Akibat Yang Di Alami Indonesia Jika Es Kutub Mencair

Akibat Yang Di Alami Indonesia Jika Es Kutub Mencair - Apa akibat bagi Indonesia jika es kutub mencair, mungkin sahabat bisa sedikit mengerenyitkan dahi bila seandainya dalam beberapa tahun kedepan es yang ada dikutub akan segera mencair dan menggenangi bumi. Sahabat harus tahu bahwa jumlah es diperkirakan mencapai 5 miliar kubik. National Geographic membuat sebuah peta interaktif. Peta memperlihatkan bahwa ketika seluruh es meleleh, permukaan laut akan semakin tinggi, banyak daratan hilang, pegunungan jadi pulau, dan manusia bakal merugi. Di peta wilayah Asia, bisa dilihat dampak melelehnya es kutub pada Indonesia. Terlihat, garis pantai lebih menjorok ke dalam. Artinya, daratan Indonesia akan berkurang secara signifikan dan berubah menjadi lautan.

Akibat Bagi Indonesia Jika Es Kutub Mencair

Dapat dilihat pula, wilayah laut Indonesia menjadi lebih "bersih". Artinya, banyak pulau-pulau di Indonesia yang akan hilang tenggelam. Wilayah Kalimantan sendiri akan kehilangan banyak daratan, membuat Indonesia kehilangan banyak wilayah hutan.

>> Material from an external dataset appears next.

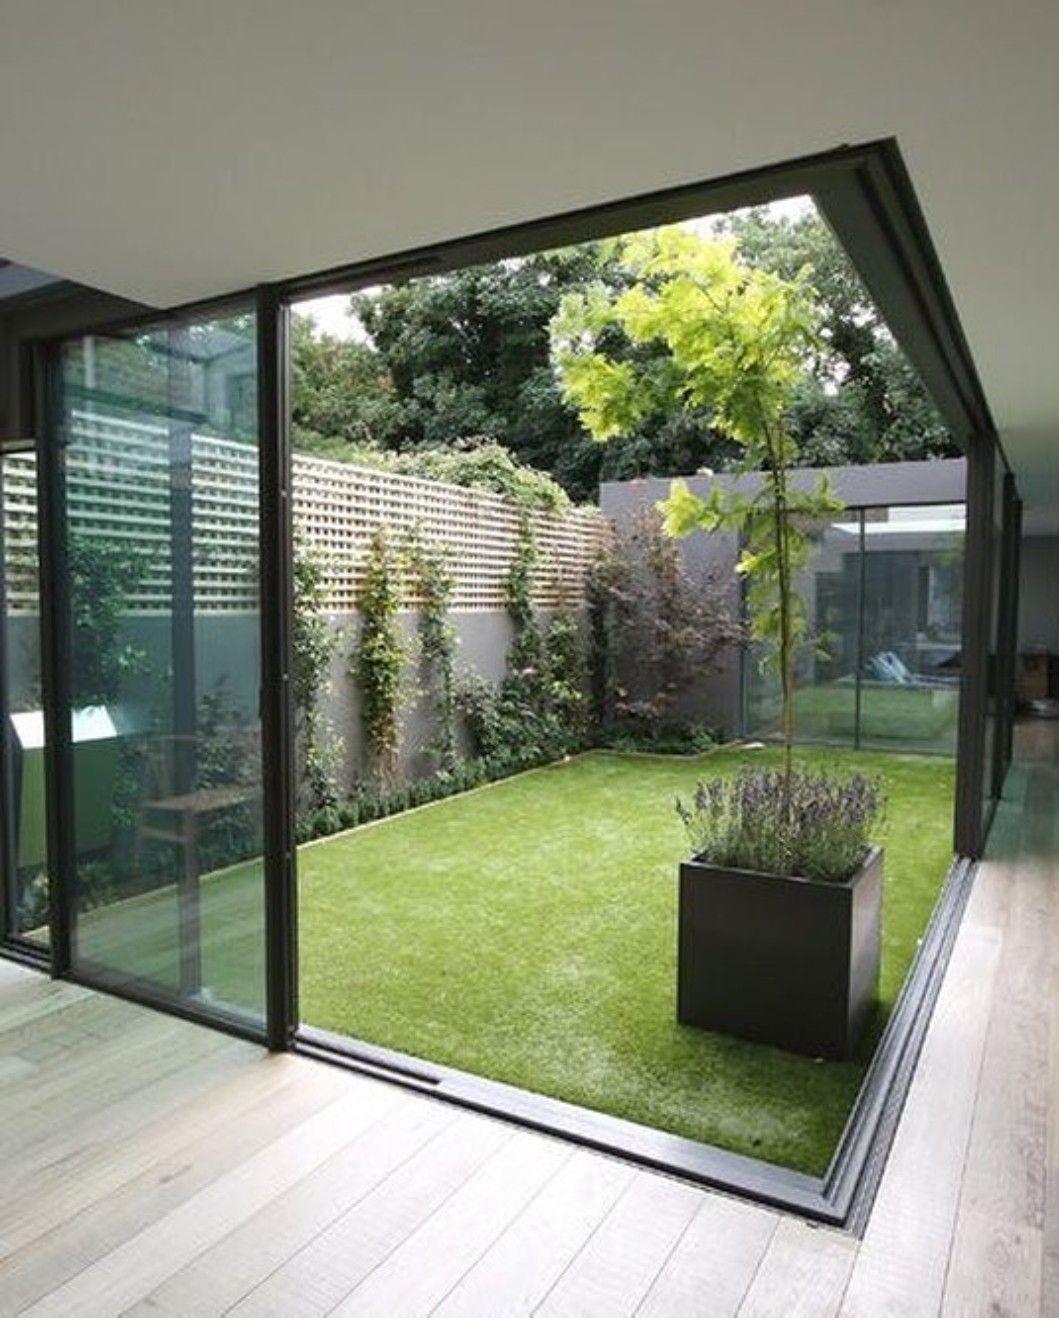 Decoration Exterieur Jardin Moderne Élégant Images Idealny Na Okno Od Strony Sasiada Intérieur Pinterest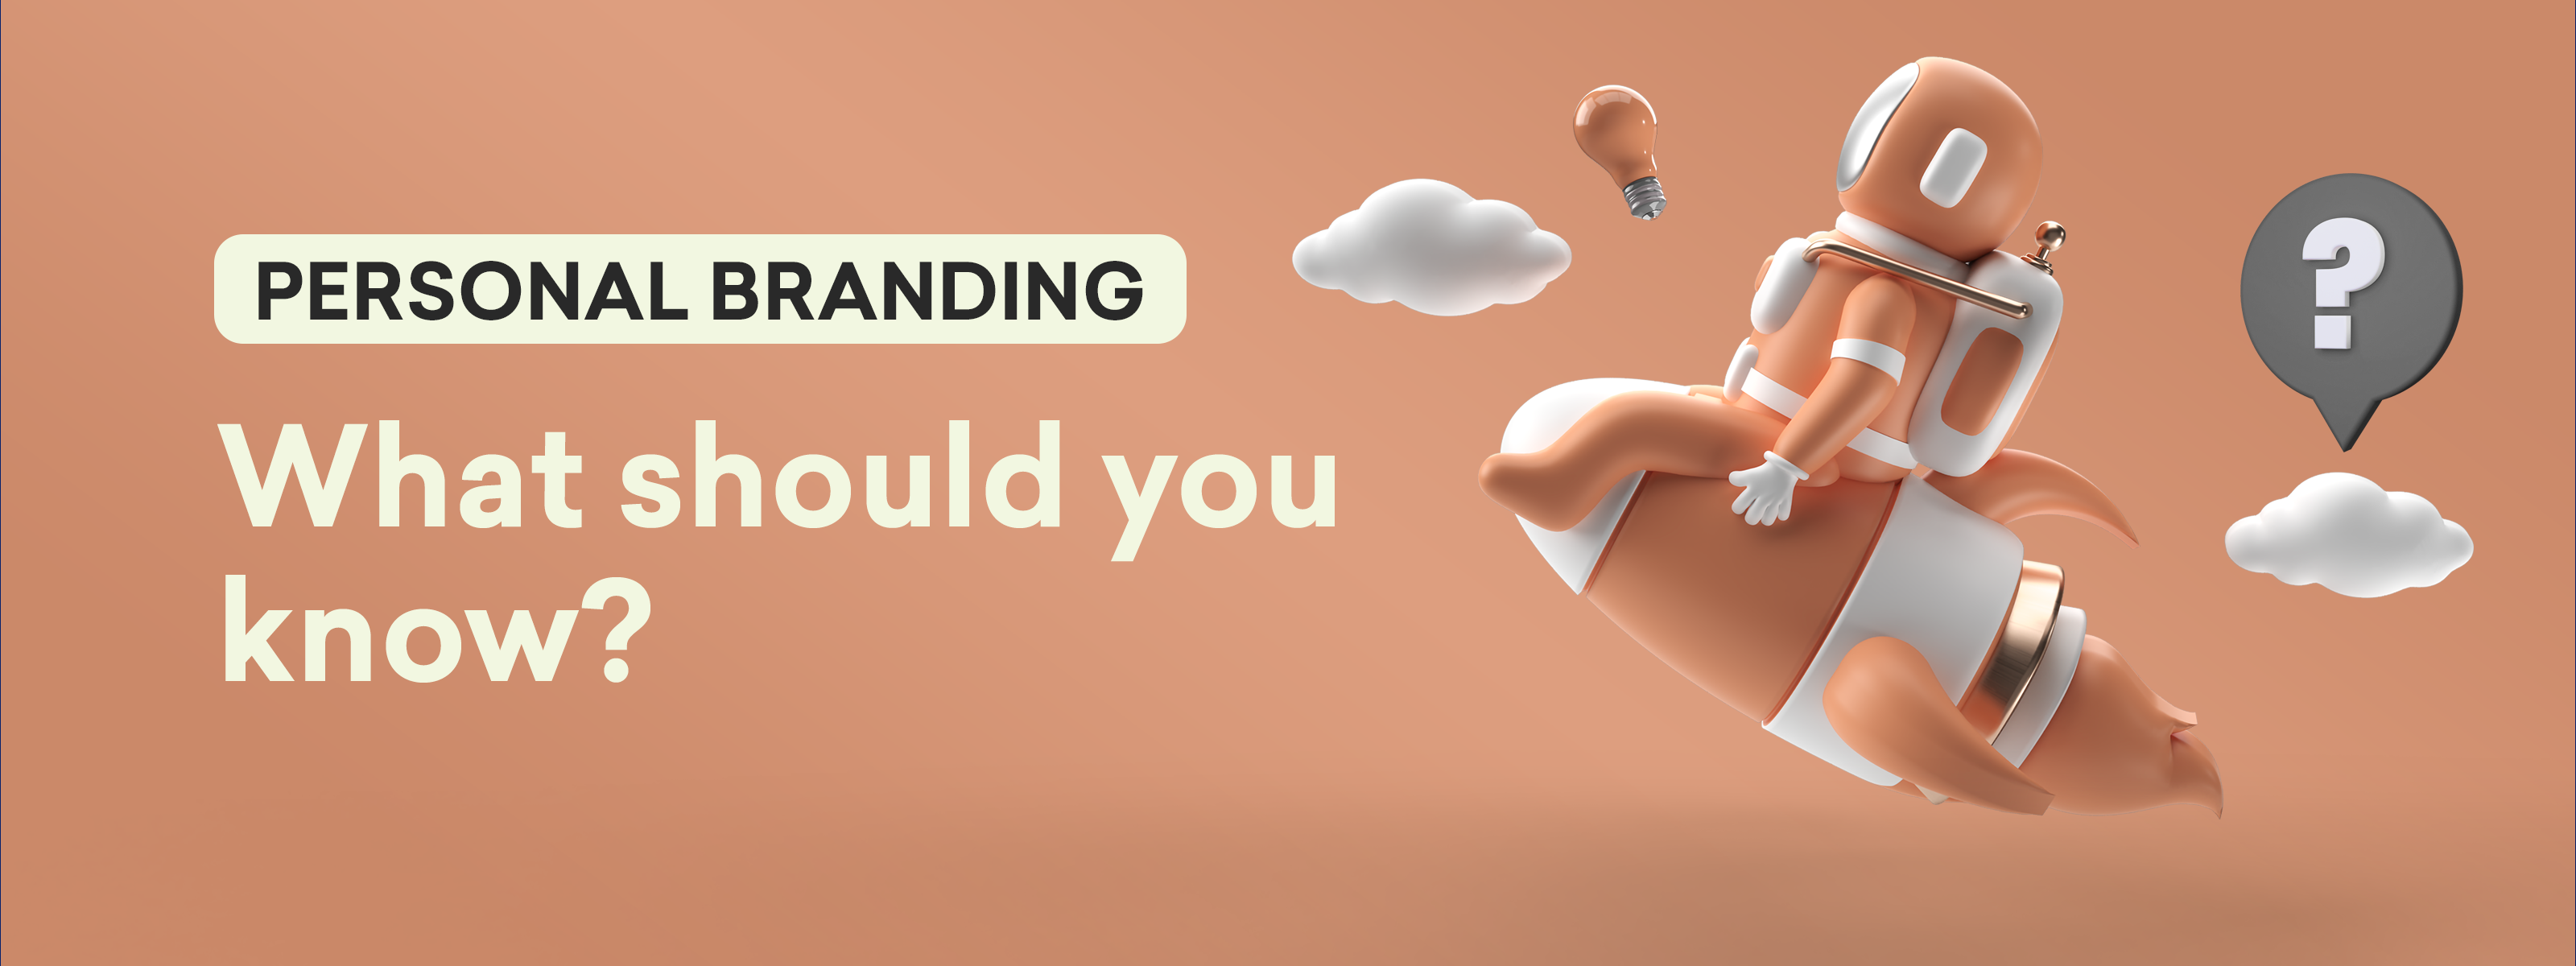 Personal Branding in 2021

Dampak yang bisa dibayangkan, banyak spesies eksotik di Indonesia, seperti harimau sumatera, orangutan sumatera dan Kalimantan, serta banyak lagi, akan terganggu. Banyak masyarakat adat yang bergantung pada hutan akan semakin sulit untuk hidup. Peta juga memperkirakan apa yang akan terjadi pada wilayah Asia lain. Delta Sungai Mekong akan tergenang.

Dampaknya, wilayah China, India, dan Banglades akan banjir. Sebanyak 760 juta populasi, berdasarkan hitungan saat ini, akan dirugikan.Di wilayah Eropa, diperlihatkan bahwa dengan melelehnya seluruh es, London hanya akan menjadi kenangan. Begitu juga dengan Venesia, Belanda, dan Denmark. Di Amerika Utara, dampaknya ialah wilayah San Francisco yang akan menjadi kluster pulau.

Ilmuwan memperkirakan, mungkin butuh waktu lebih dari 5.000 tahun bagi semua es untuk meleleh. Namun, bila manusia terus memakai bahan bakar fosil dan beraktivitas seperti biasa hingga menambahkan triliunan ton karbon ke atmosfer, Bumi akan makin panas dan es meleleh cepat.

Bumi terakhir mengalami masa yang sangat panas dan bebas es pada 34 juta tahun lalu, zaman Eocene. Jika gas rumah kaca di atmosfer terus bertambah, bukan tidak mungkin masa itu terulang kembali. Untuk wilayah Antartika Barat saja, sejak tahun 1992, es sudah meleleh. Laporan National Geographic menyatakan bahwa jumlah es yang meleleh sekitar 65 juta metrik ton. Es di Greenland juga dilaporkan meleleh signifikan.